Why not diversify in 2015?

PUBLISHED: 13:05 03 January 2015 | UPDATED: 13:05 03 January 2015

KEN JAN 14 CLA

KEN JAN 14 CLA

Archant

A time for fresh starts and resolutions, January is also a good time for farmers and land managers to think about opportunities to do things a little differently

As Kent Life readers will know, running a business in the countryside has changed enormously over the past few decades. Technological advances, growth of online communications, changing social trends and pressures on farming have all contributed to the need 
for rural businesses to change and adapt.

By their nature, many rural businesses are land based, which creates both challenges and opportunities when it comes to exploring new business ideas.

For many farms, diversification into 
new areas of business has been critical to keeping their business afloat. Across Kent redundant buildings have been converted to workshops or offices, renewable energy has been generated and new crops have been grown. Although Kent has been home to vineyards since the Roman times, the development of the county’s wine industry has really gathered pace in recent decades.

Rural tourism has inspired many exciting diversification projects, and in turn these projects have helped to boost visits to the area, and spending within it. Glamping sites have been opened, farm shops have thrived and country sports have become far more accessible for town and country folk.

However, it is not unheard of for farmers or landowners to be talked into new ventures by salesmen that then go on 
to become costly mistakes. If you are considering a new idea in the countryside, it is vital you have a good understanding 
of the costs involved, what income you could realistically expect and the potential pitfalls you need to watch out for.

One of the most vital questions to ask yourself is “do I have personal enthusiasm for this idea?” Any diversification project will take considerable time and there 
will be many hurdles and delays.

Real enthusiasm for the idea goes a long way to helping you remain committed. Your chosen project should also suit you, your assets and your skills. Market research and preparation of a business plan will help you understand whether the project has a good chance of commercial success.

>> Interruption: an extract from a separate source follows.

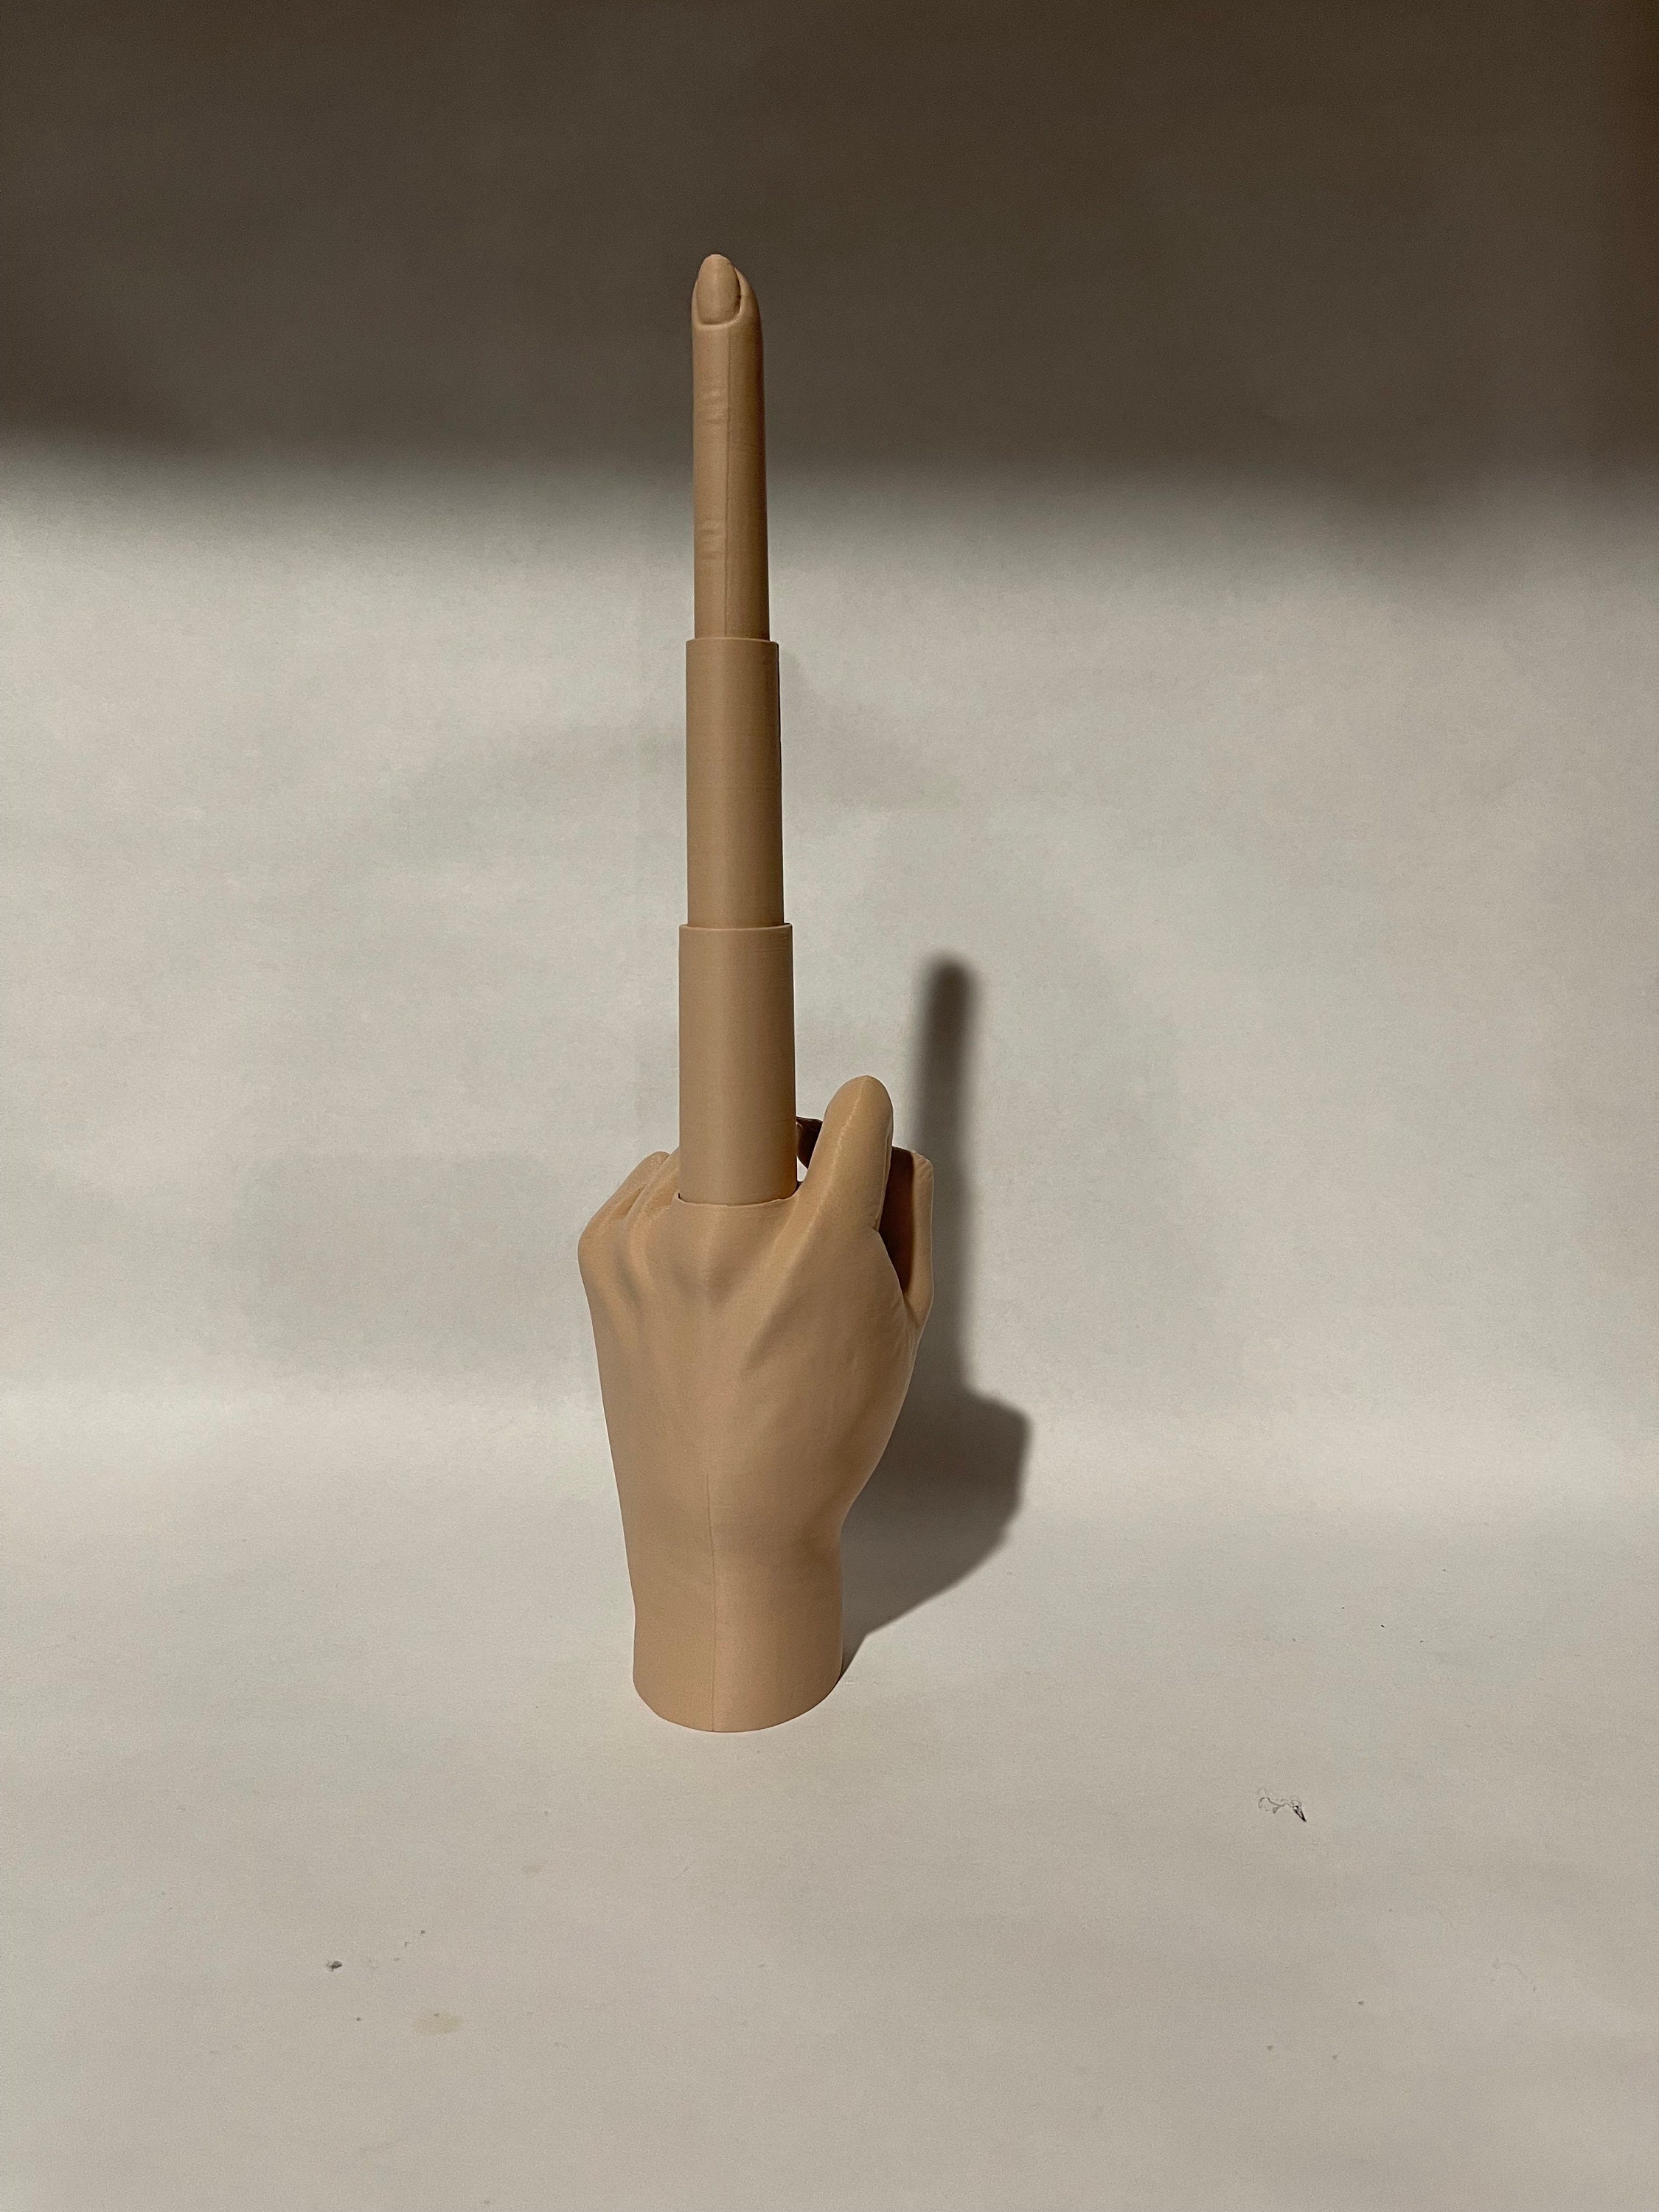 RMCTOYS 1 Middle Finger Statue Hand, Joke Gifts Funny Gag for Adults, Office Novelty Toys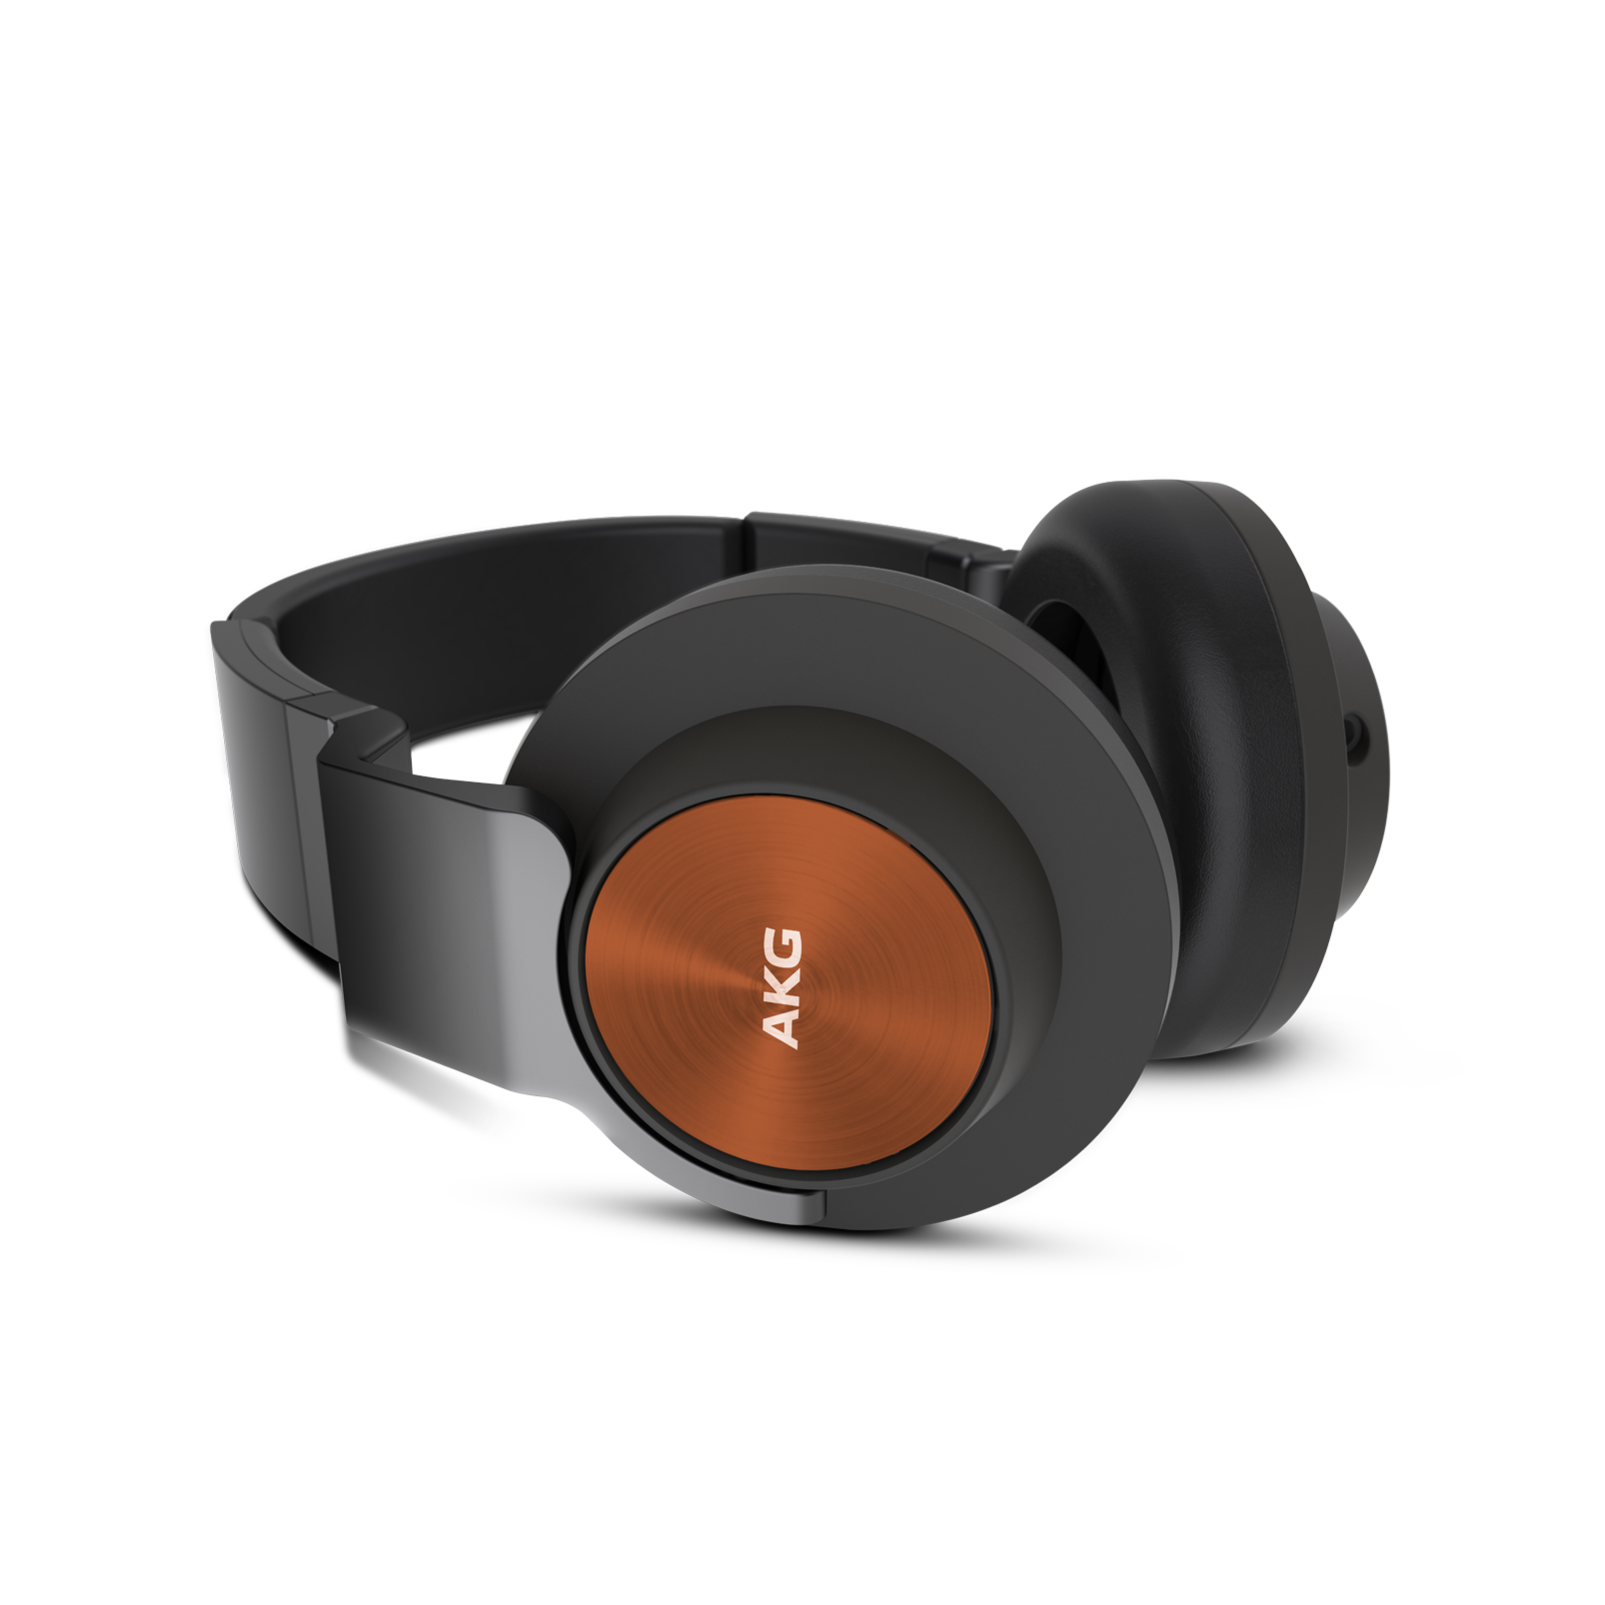 K 545 - Orange / Black - High performance over-ear headphones with microphone and remote - Detailshot 1

Serious thought needs to be given to any business issues created by the proposed project, such as business rates, insurance, utility services, funding, health and safety, the effect on any existing business, and potential tax implications. One of the most important early considerations is whether planning permission will be needed. Generally diversification will require some form of permission, whether full planning permission or ‘deemed permission.’

Farm diversification can often have a positive impact on the local community, economy and environment – for example, boosting the local economy, or increasing ecological diversity by bringing land or woodland into management.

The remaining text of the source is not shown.